TypeError: expected Tensor as element 0 in argument 0, but got int

OswaldoBornemann commented 1 year ago

 emd = torch.cat(emd_lst)
          _     _   _ [9999, 9999, 9999, 9999, 9999, 9999, 9999, 9999, 9999, 9999, 9999, 9999, 9999, 9999, 9999, 9999, 9999, 9999]
          _     _ <built-in method cat of type object at 0x7f3b1185d100>
          _ <module 'torch' from '/~/anaconda3/envs/pytorch13/lib/python3.8/site-packages/torch/__init__.py'>

TypeError: expected Tensor as element 0 in argument 0, but got int

ZENGXH commented 1 year ago

Hi @PPGGG can you provide more log? like the line above the emd = torch.cat(emd_lst) ? what the command are you running?

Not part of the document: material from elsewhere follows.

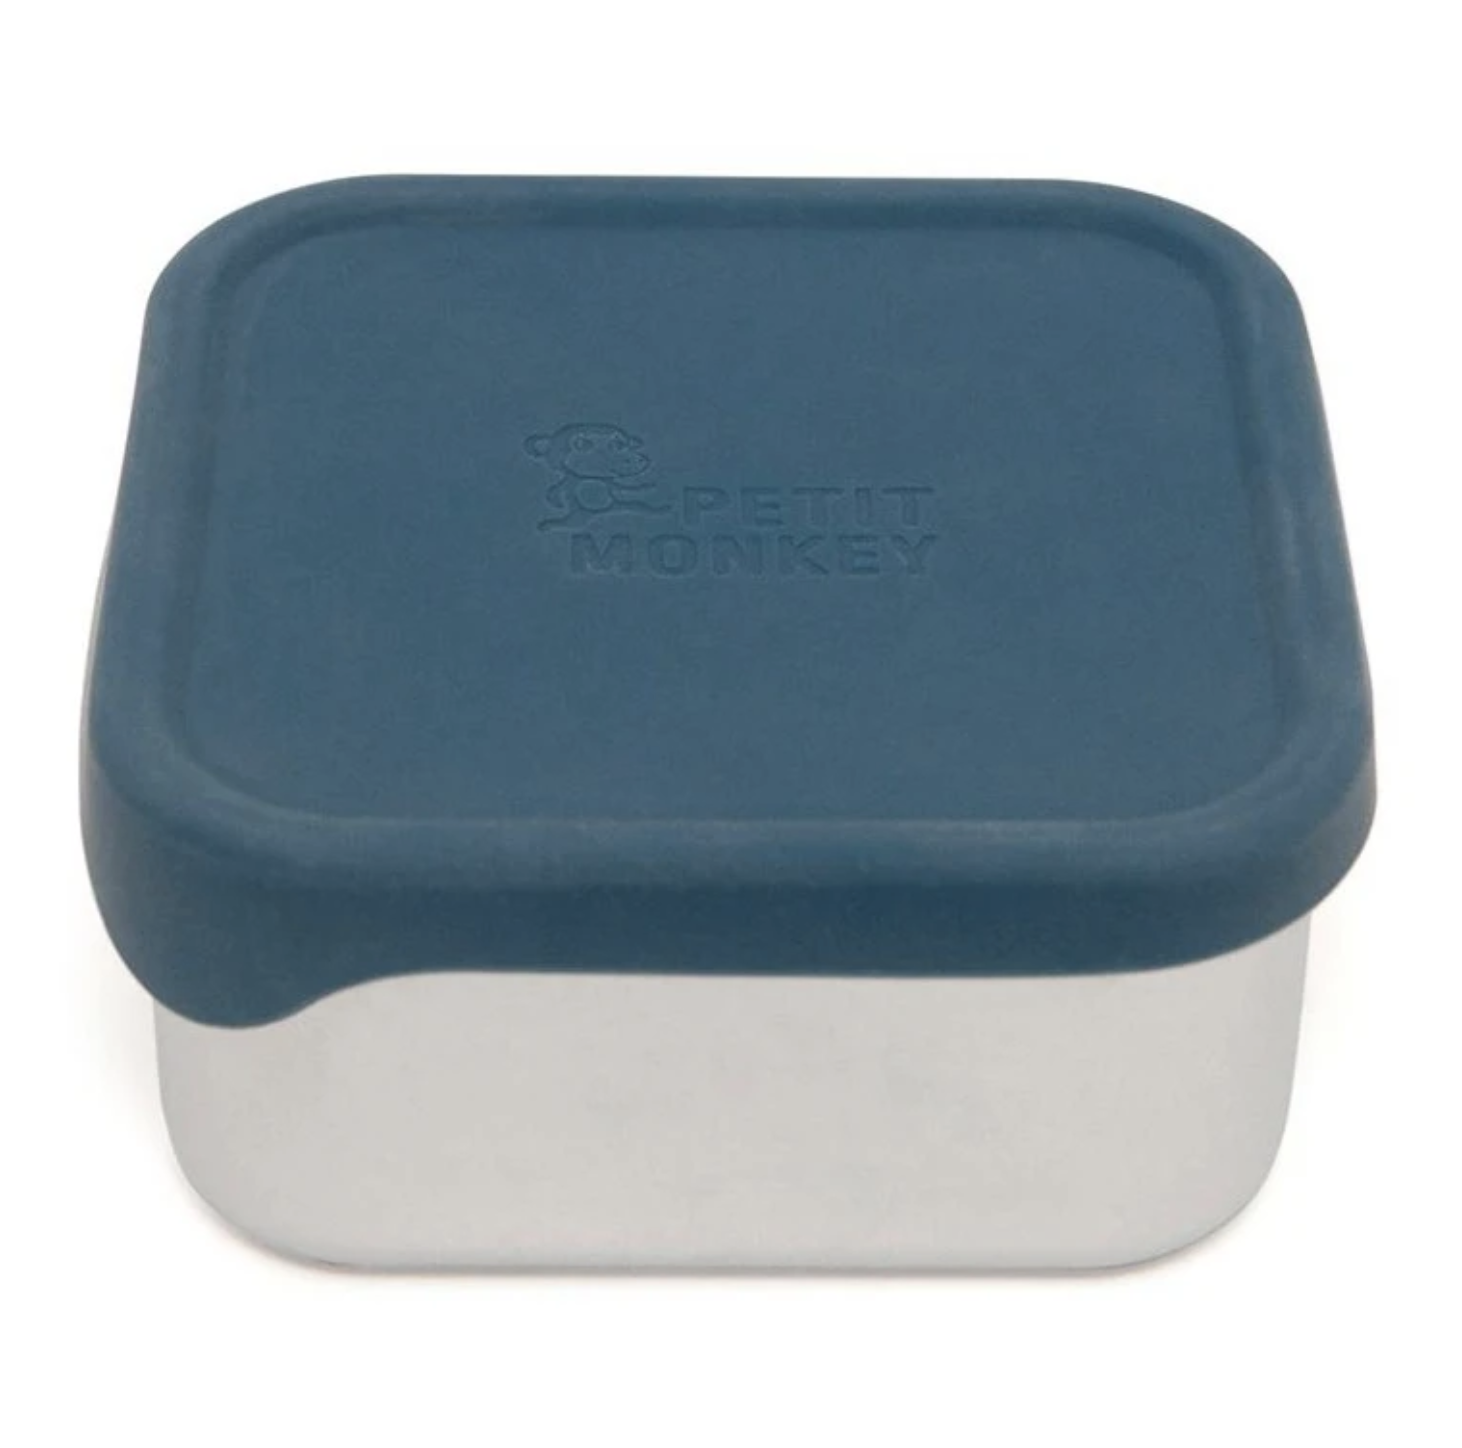 Lunchbox Lucy - Balsam Blue - Petit Monkey-1

OswaldoBornemann commented 1 year ago

@ZENGXH I just ran bash ./script/train_prior.sh 1.

ZENGXH commented 1 year ago

It seems the emd_batch is a int instead of tensor: this is wired, the value is also much larger than I expected.

are you training on the ShapeNet dataset?

Could you try to add this line:

    print(f'emd_batch: {emd_batch}; sample_batch: {sample_batch.shape} {ref_batch.shape}; batch_size={batch_size}; value range: {sample_batch.min()} {sample_batch.max()}; {ref_batch.min()} {ref_batch.max()}; ')

before line 213 of the utils/evaluation_metrics_fast.py files (link). And paste the output here?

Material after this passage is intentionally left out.